O.K., we have posts on baiting deer and other things that many consider unethical if you are a sportsman. 

Yet we are banned to discuss trapping? WTF?


----------



## Timberhauler (Oct 5, 2007)

I've never done any trapping.


----------



## 2000ssm6 (Oct 5, 2007)

Mad Professor said:


> O.K., we have posts on baiting deer and other things that many consider unethical if you are a sportsman.
> 
> Yet we are banned to discuss trapping? WTF?



the site owners don't like it...........I think.


----------



## Crofter (Oct 5, 2007)

Most people, except extremist animal lovers, realize that some animals become a nuisance unless their numbers are controlled, but showing animals in traps, or dead and dishevelled, is not good for the trapping industry image. Not quite as extreme an example as a mortician showing pics of procedures to prospective customers but you get the idea!:jawdrop: It was hashed around a fair bit on the forum a number of years ago. Some literature that went out to Hunters and Anglers clubs in the past advised members not to parade their kills exposed, so as to give as little ammunition as possible to anti hunting lobby groups.


----------



## Mad Professor (Oct 12, 2007)

Crofter said:


> Most people, except extremist animal lovers, realize that some animals become a nuisance unless their numbers are controlled, but showing animals in traps, or dead and dishevelled, is not good for the trapping industry image. Not quite as extreme an example as a mortician showing pics of procedures to prospective customers but you get the idea!:jawdrop: It was hashed around a fair bit on the forum a number of years ago. Some literature that went out to Hunters and Anglers clubs in the past advised members not to parade their kills exposed, so as to give as little ammunition as possible to anti hunting lobby groups.

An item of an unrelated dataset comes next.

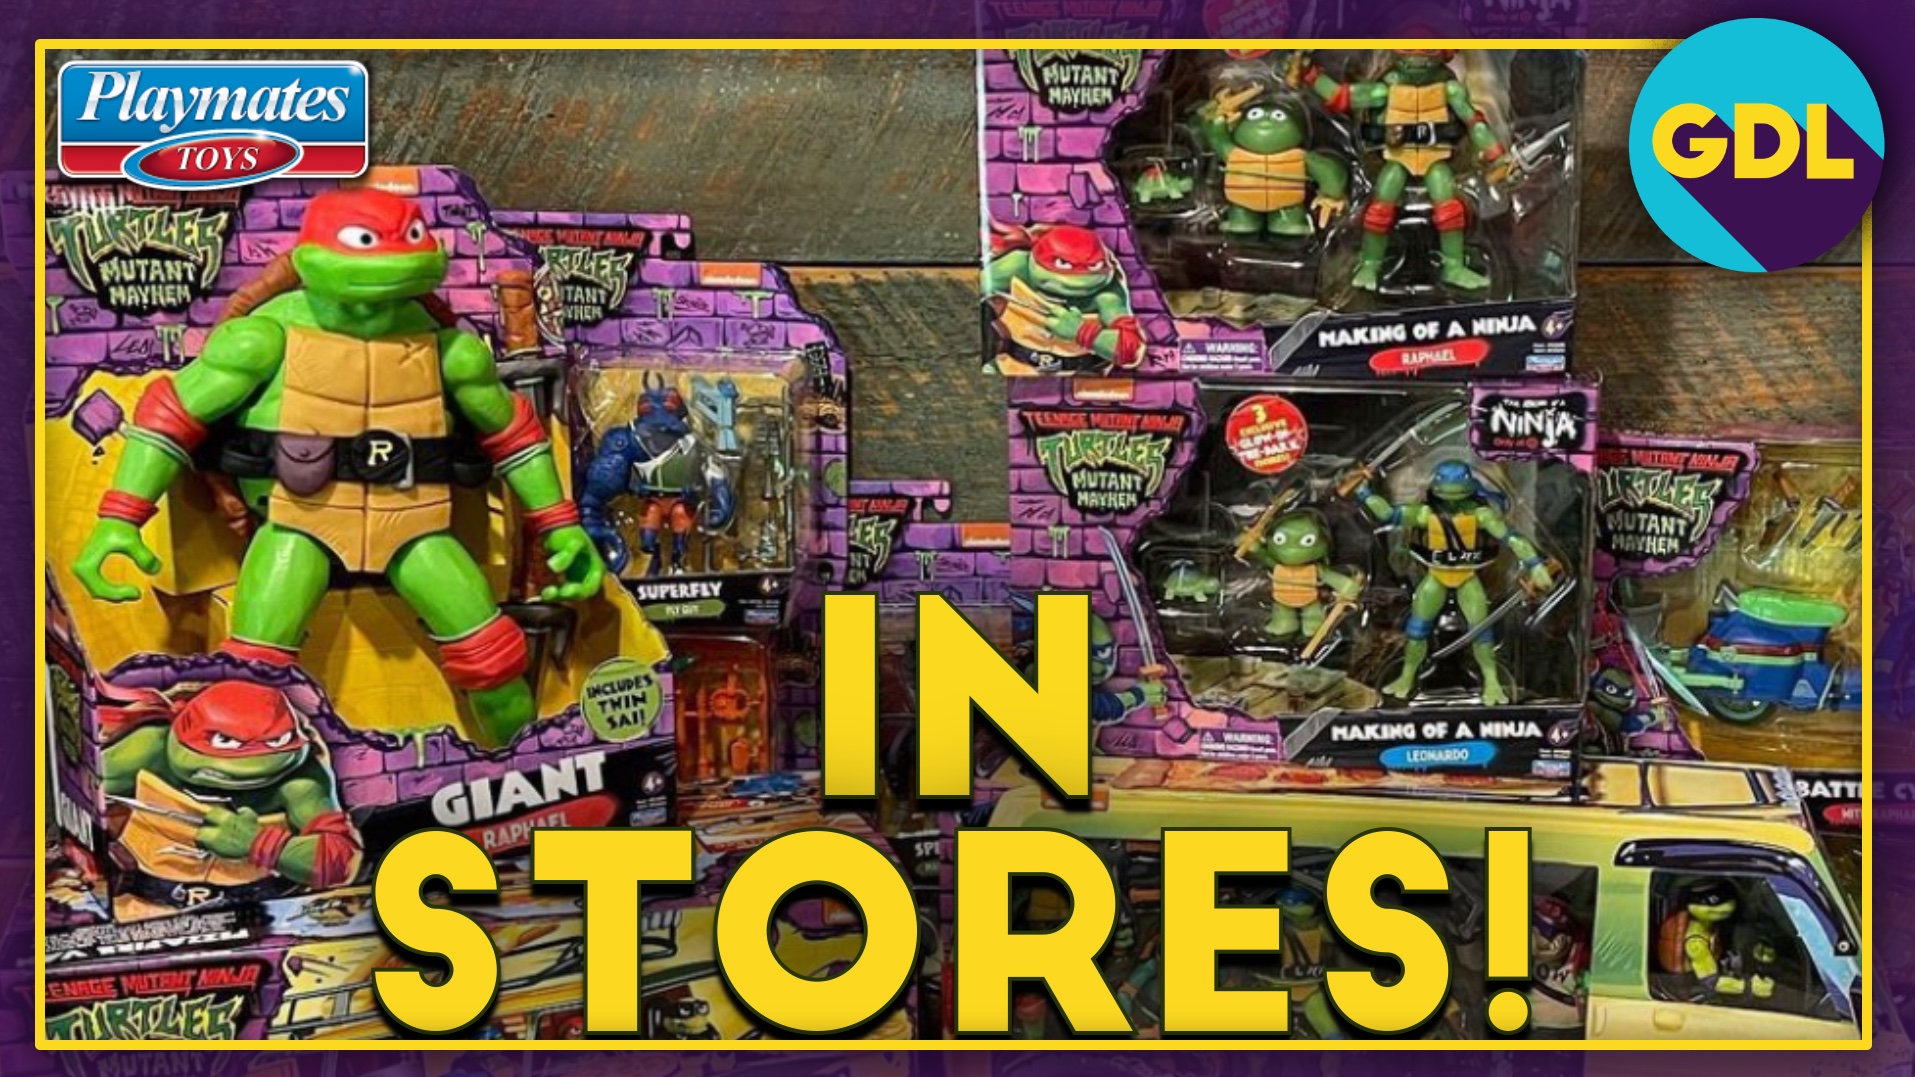 The Playmates Mutant Mayhem toyline hits store shelves today! : r/TMNT

O.K. I understand......but hunting pics can be at least/more "greusome".

I don't care about pics but you are alienating another outdoorsman from what sholud be the comnmon table. In fact dividing us for the "Antis" e.g. PETA , WWF, etc.... to divide and concour. 



GUT DEER?????


----------



## Ekka (Oct 12, 2007)

I think for the better part most of us have evolved. :biggrinbounce2:


----------